- Recorded data
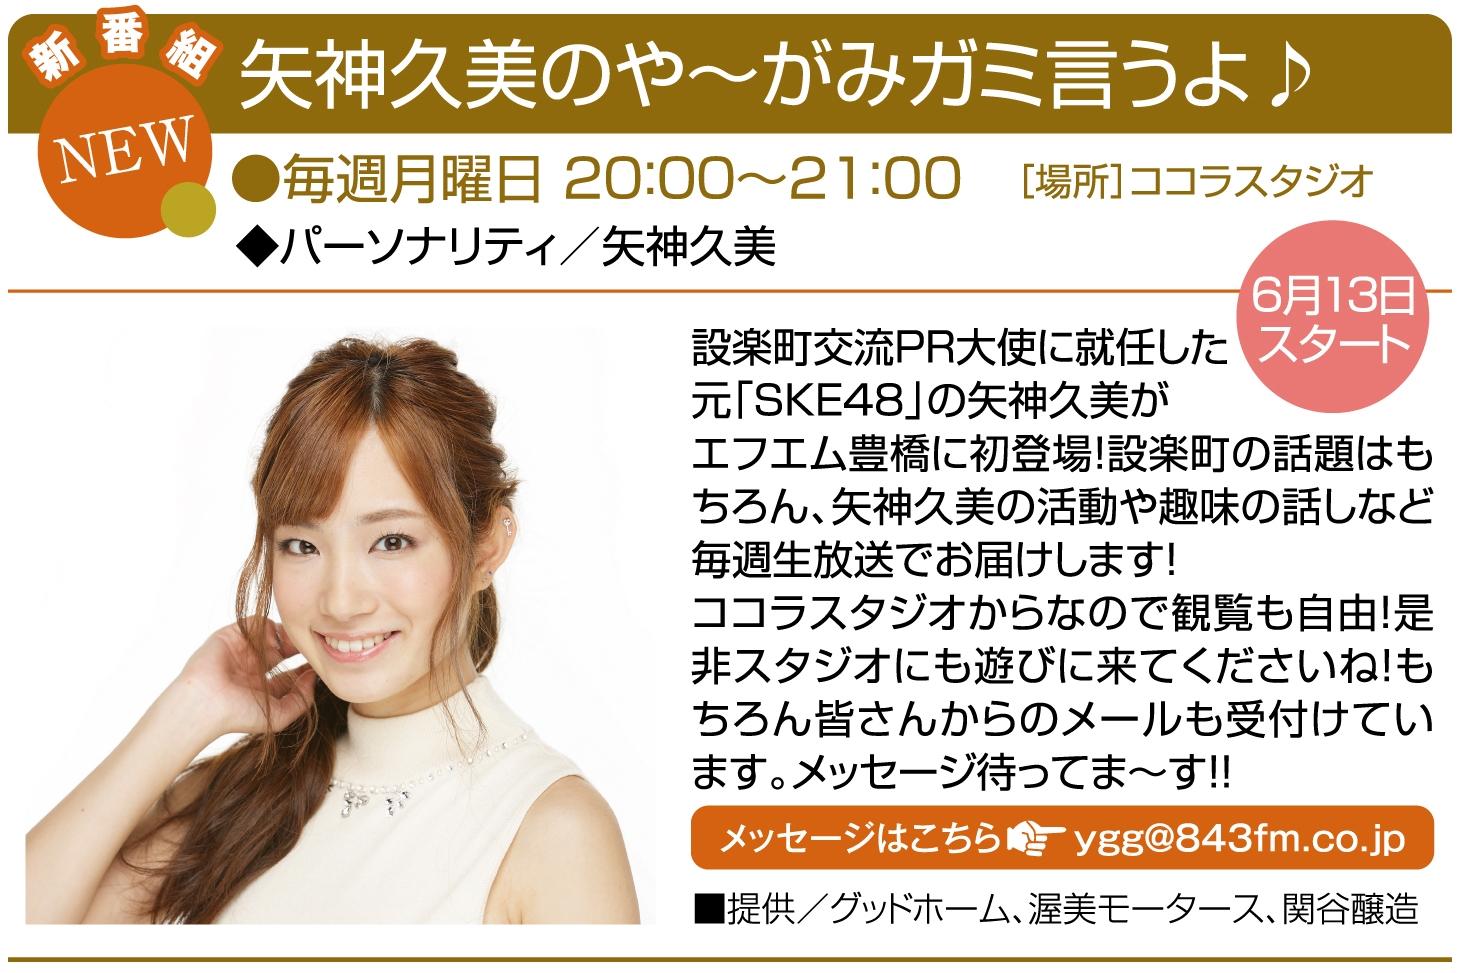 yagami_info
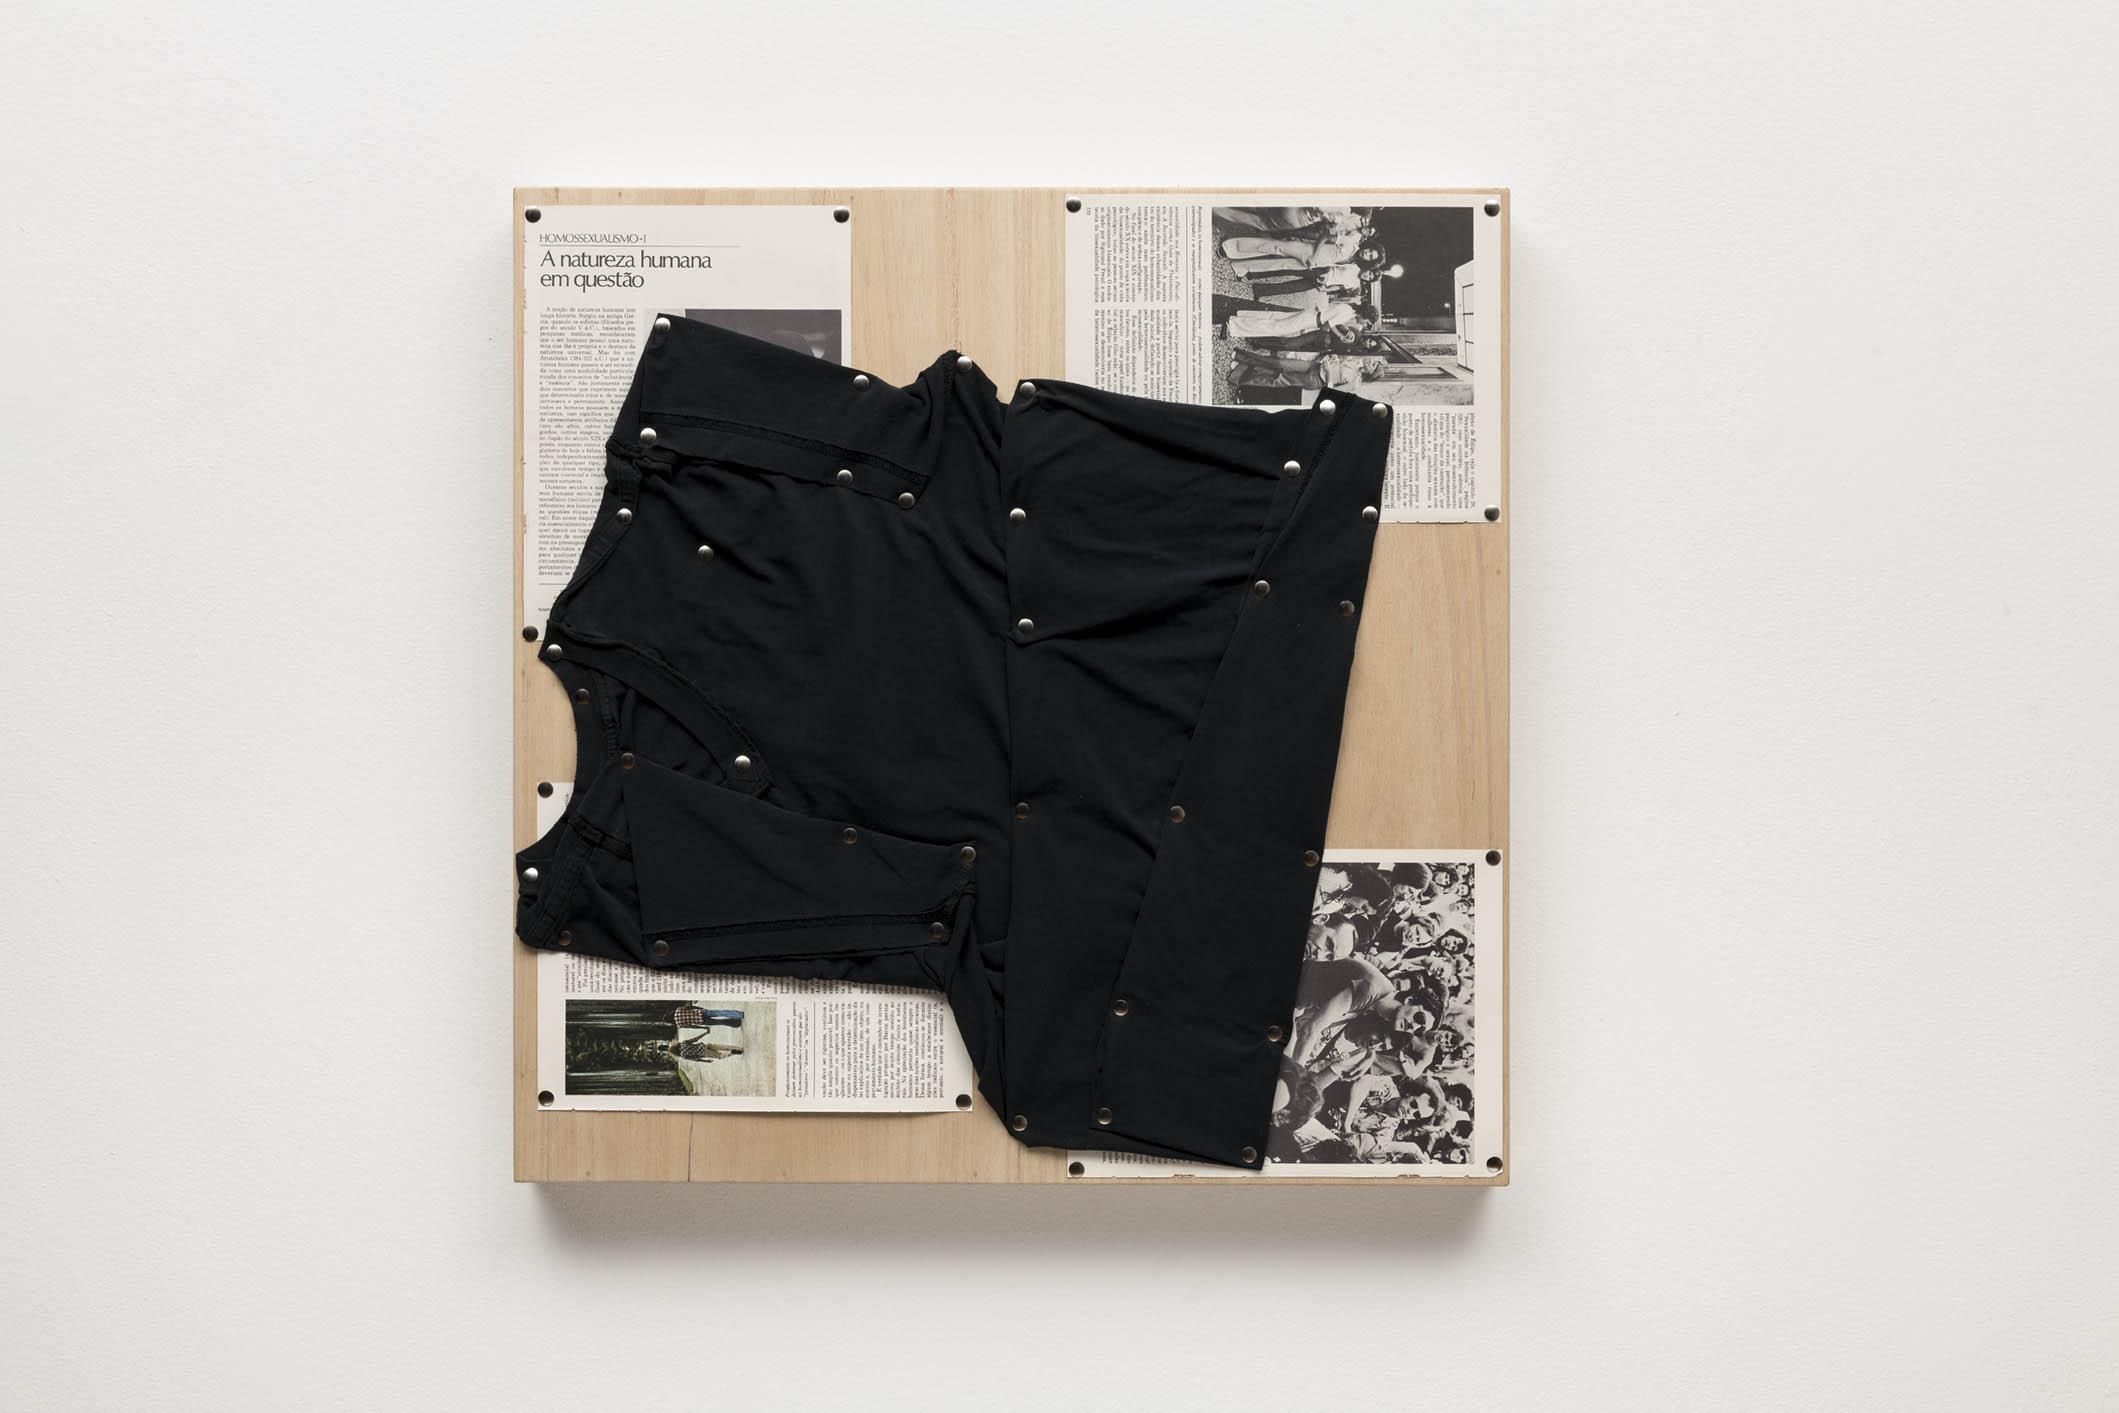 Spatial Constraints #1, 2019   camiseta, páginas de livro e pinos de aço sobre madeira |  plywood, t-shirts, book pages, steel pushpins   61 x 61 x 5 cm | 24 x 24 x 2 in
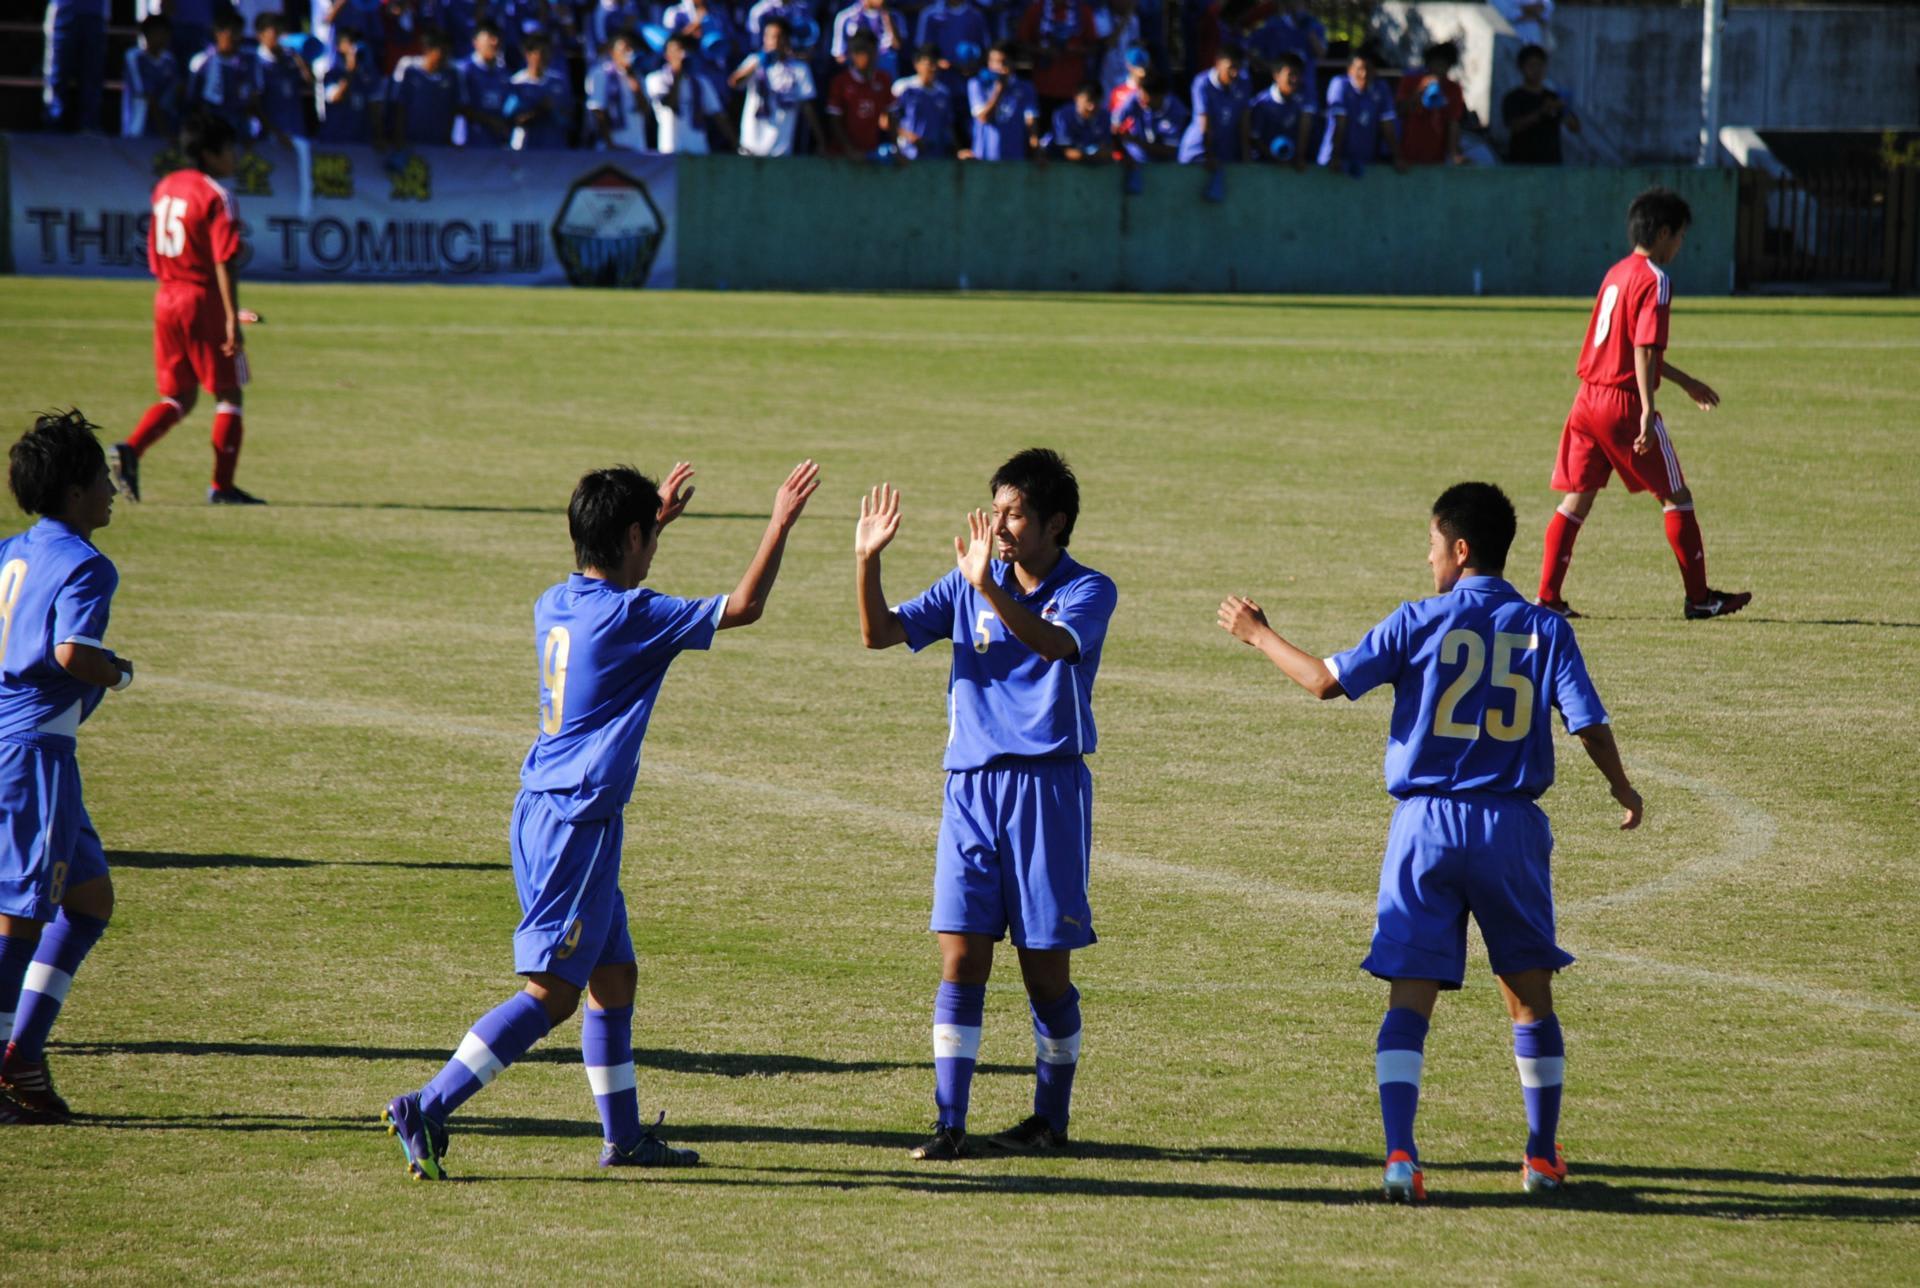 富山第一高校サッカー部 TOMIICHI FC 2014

- Task instructions
Output all the data, exactly, without images.

- Solution to the exercise
 yagami_info
 Spatial Constraints #1, 2019   camiseta, páginas de livro e pinos de aço sobre madeira |  plywood, t-shirts, book pages, steel pushpins   61 x 61 x 5 cm | 24 x 24 x 2 in
 富山第一高校サッカー部 TOMIICHI FC 2014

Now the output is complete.